_Records provided_.
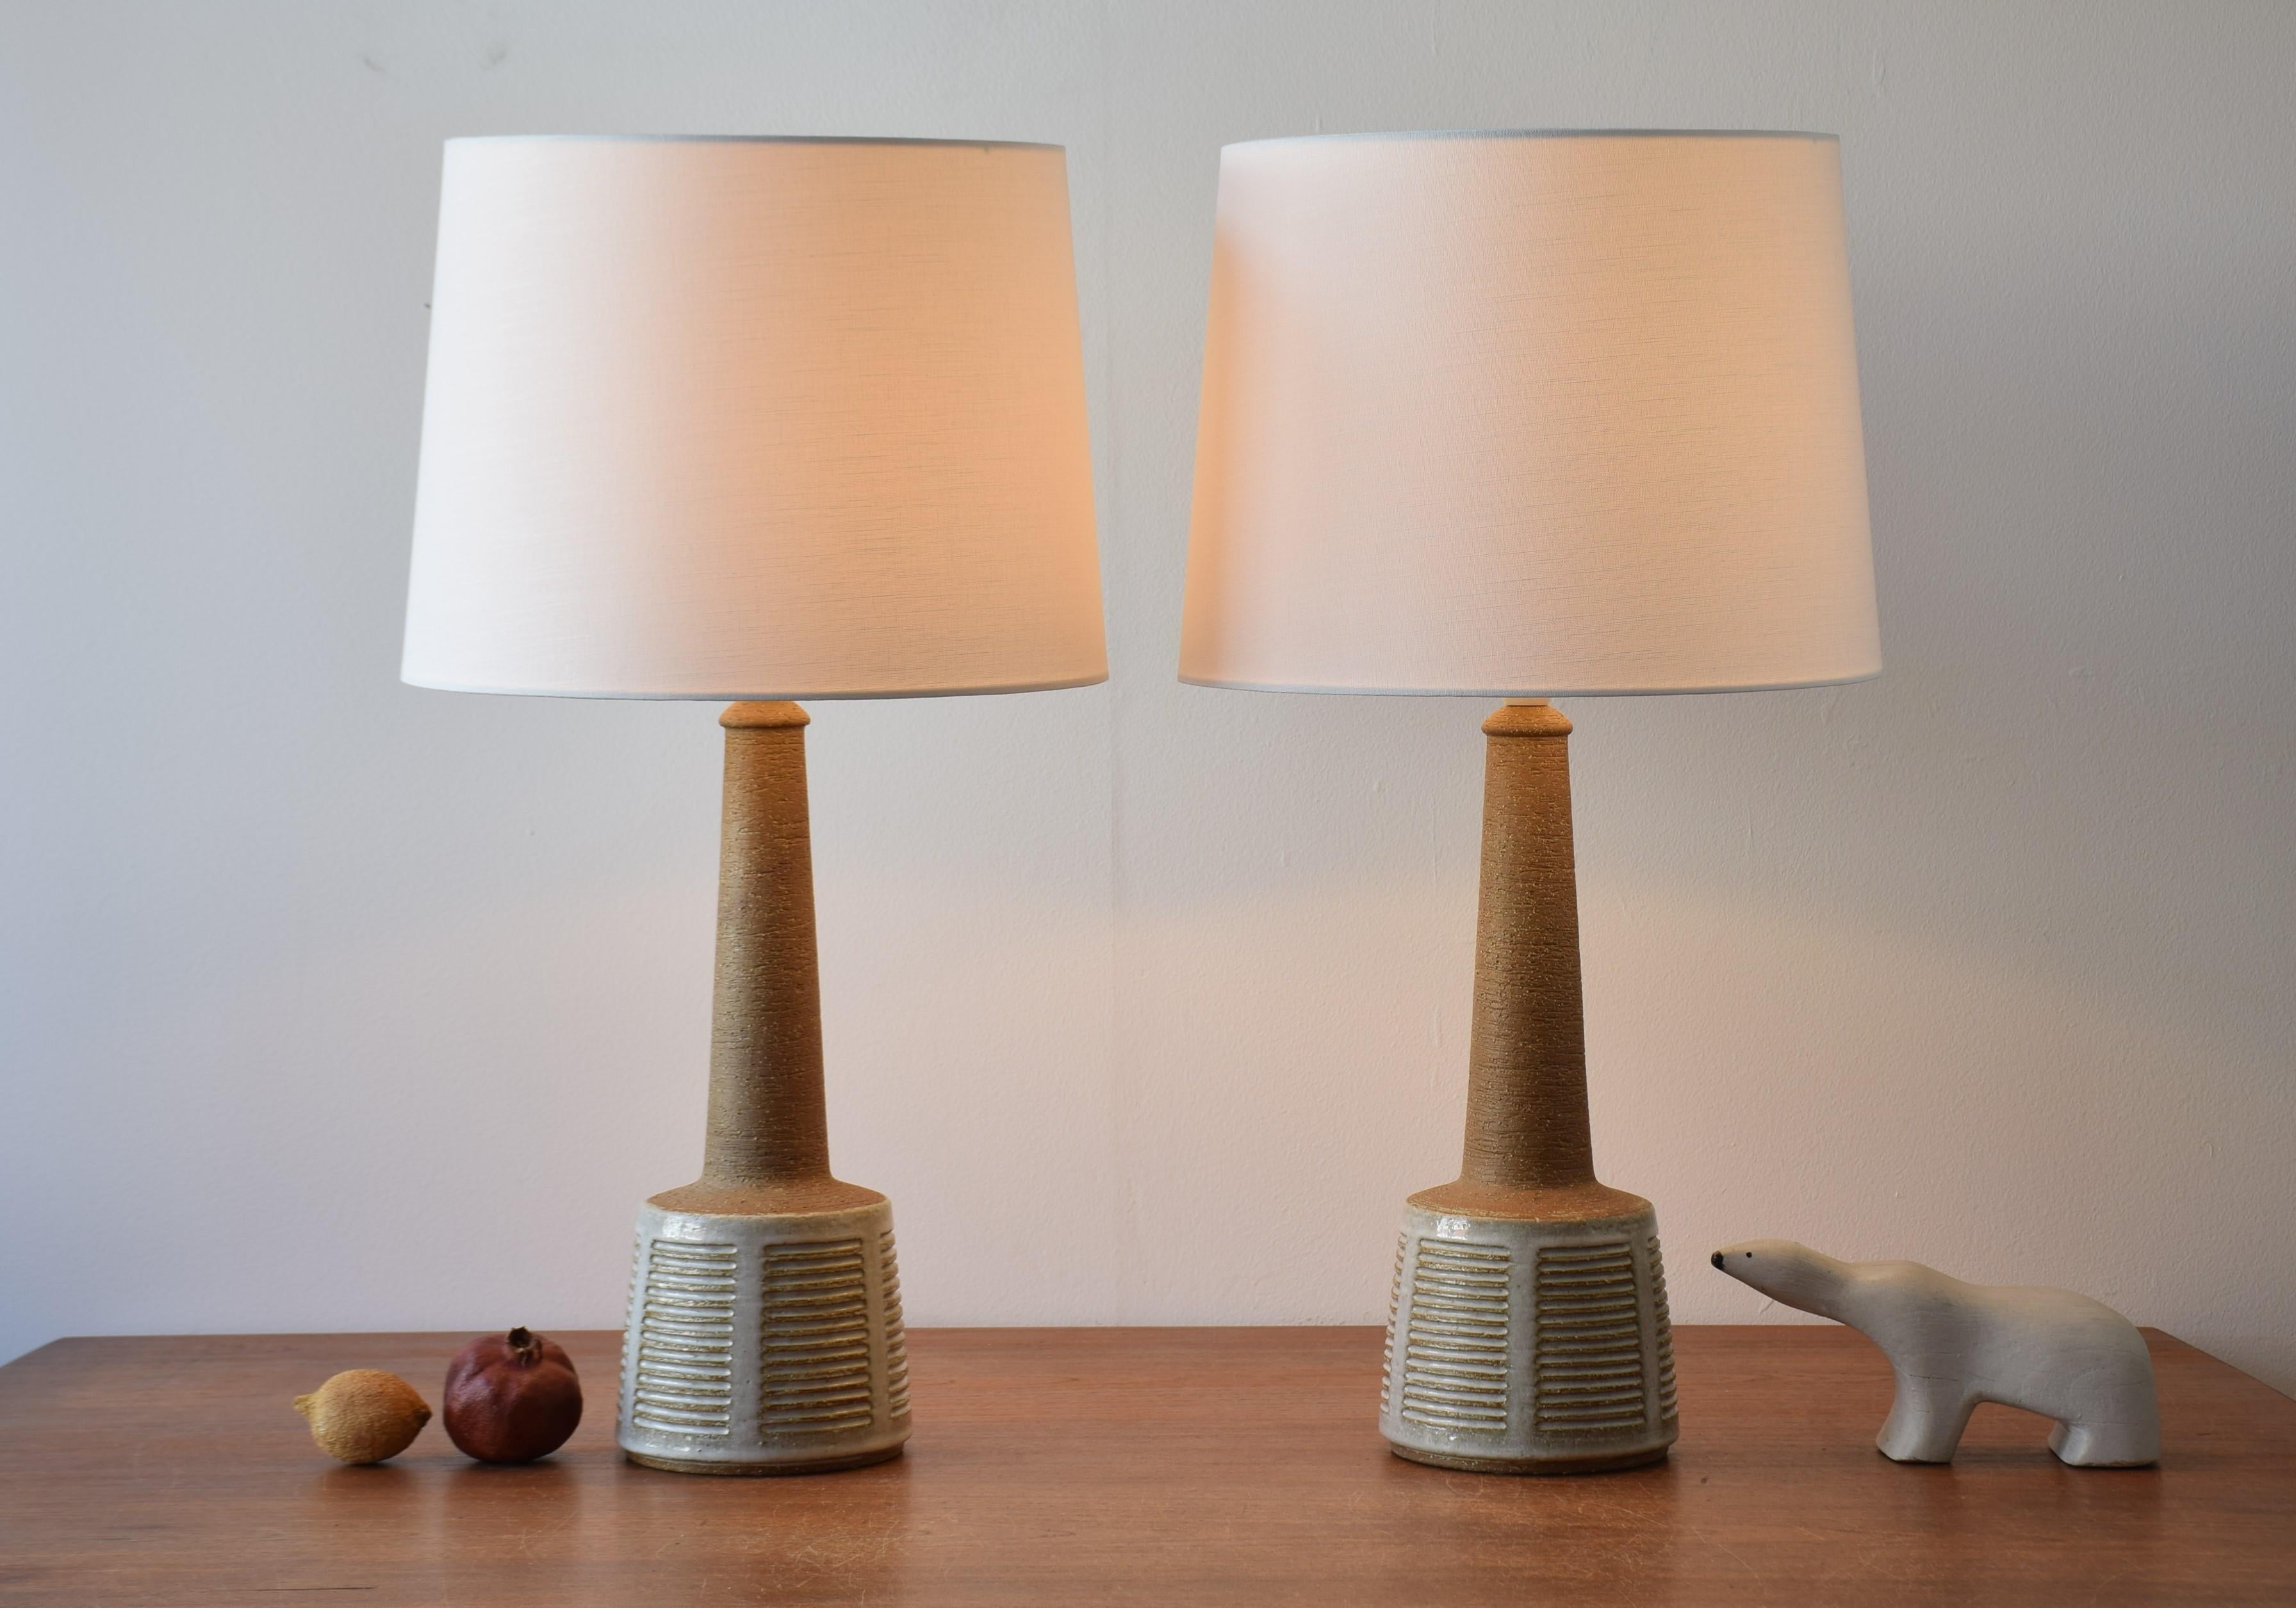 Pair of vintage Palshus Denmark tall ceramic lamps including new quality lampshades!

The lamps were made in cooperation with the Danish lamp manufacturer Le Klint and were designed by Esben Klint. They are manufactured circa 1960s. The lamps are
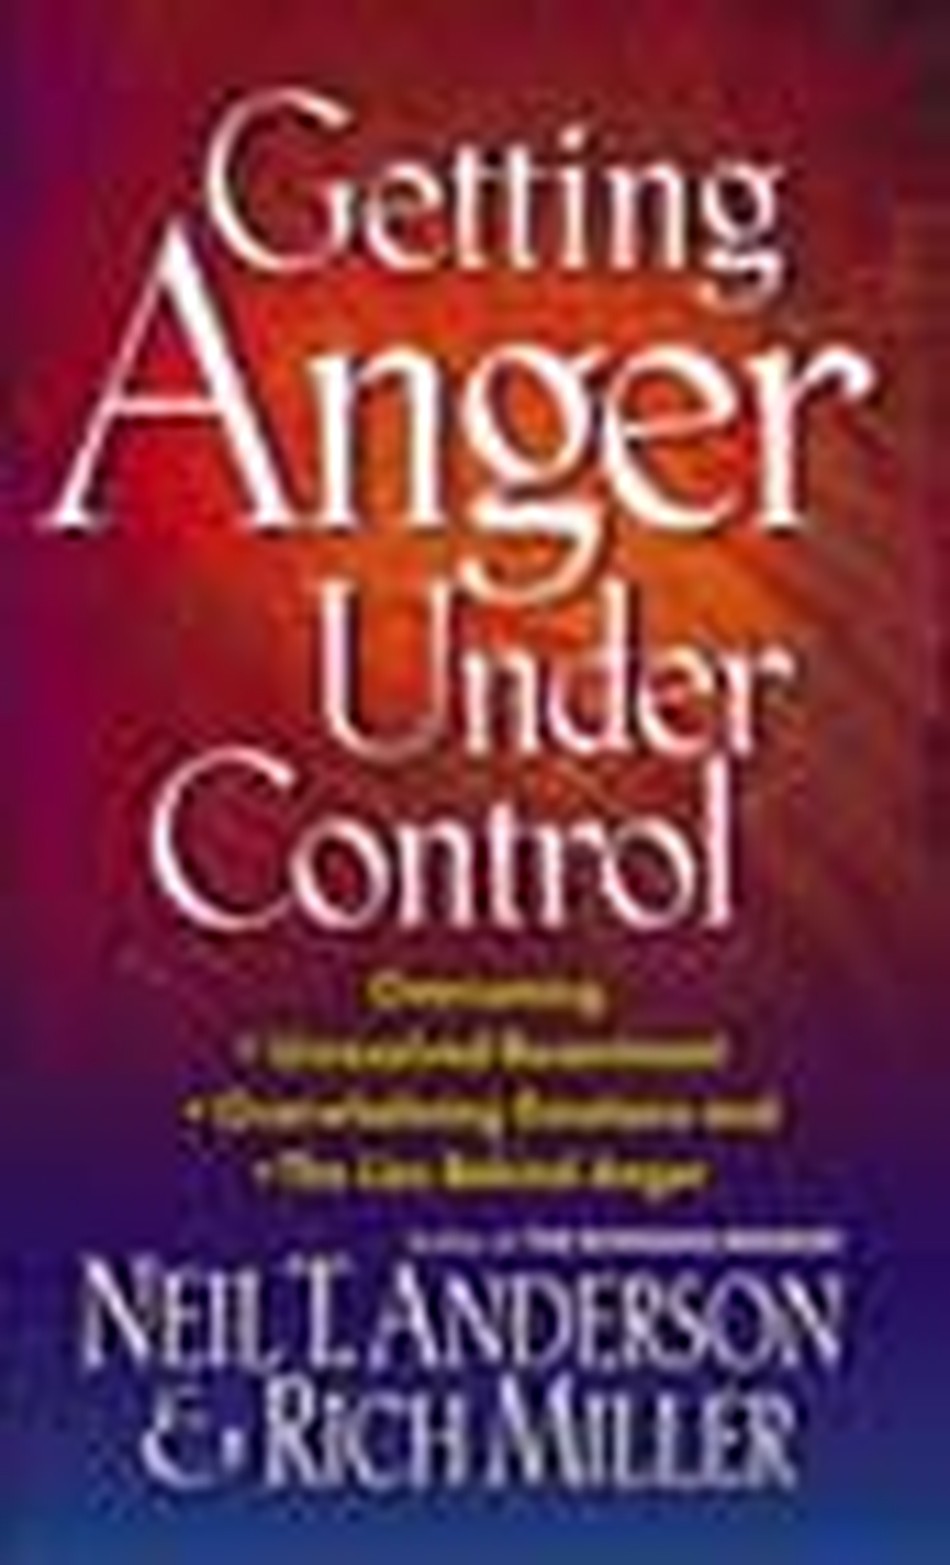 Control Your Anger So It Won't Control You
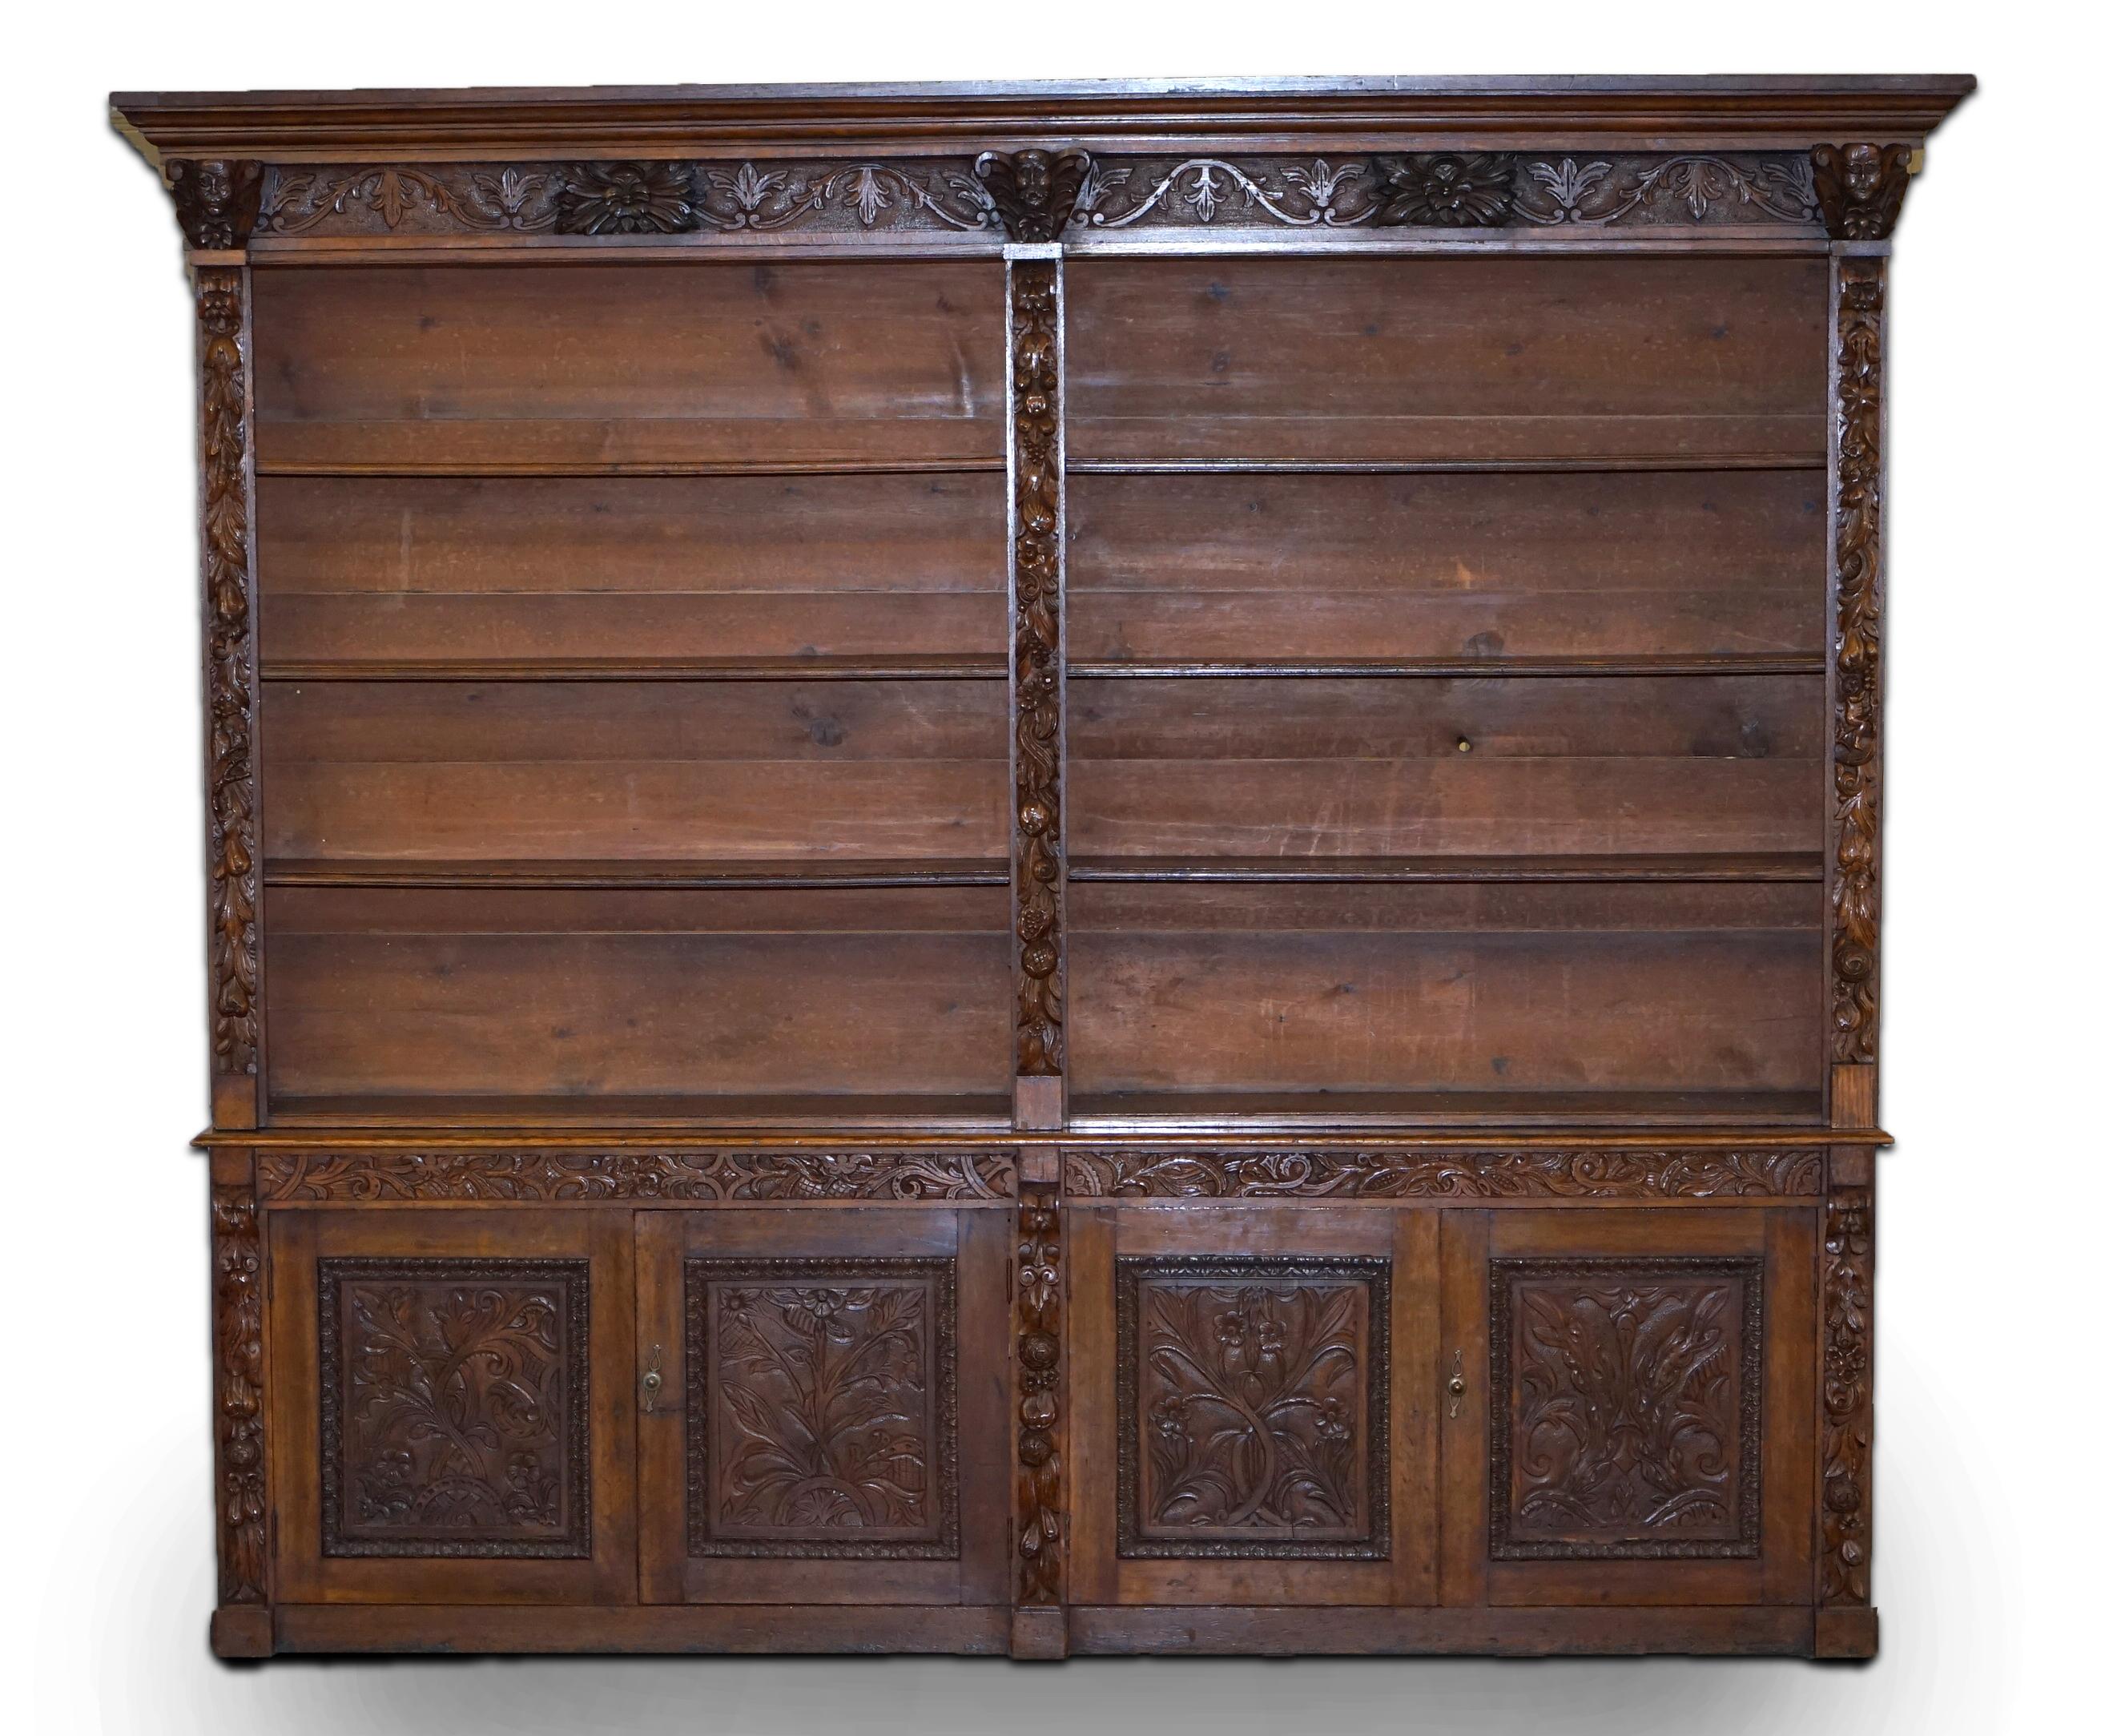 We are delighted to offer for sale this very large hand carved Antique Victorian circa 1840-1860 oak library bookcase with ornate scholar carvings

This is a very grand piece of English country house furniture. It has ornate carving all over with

_Task requirements_.
Please copy exactly the lines from the one containing "We are delighted" through the last line of the records above, both included, and leave out any pictures.

_Written solution_.
 We are delighted to offer for sale this very large hand carved Antique Victorian circa 1840-1860 oak library bookcase with ornate scholar carvings

This is a very grand piece of English country house furniture. It has ornate carving all over with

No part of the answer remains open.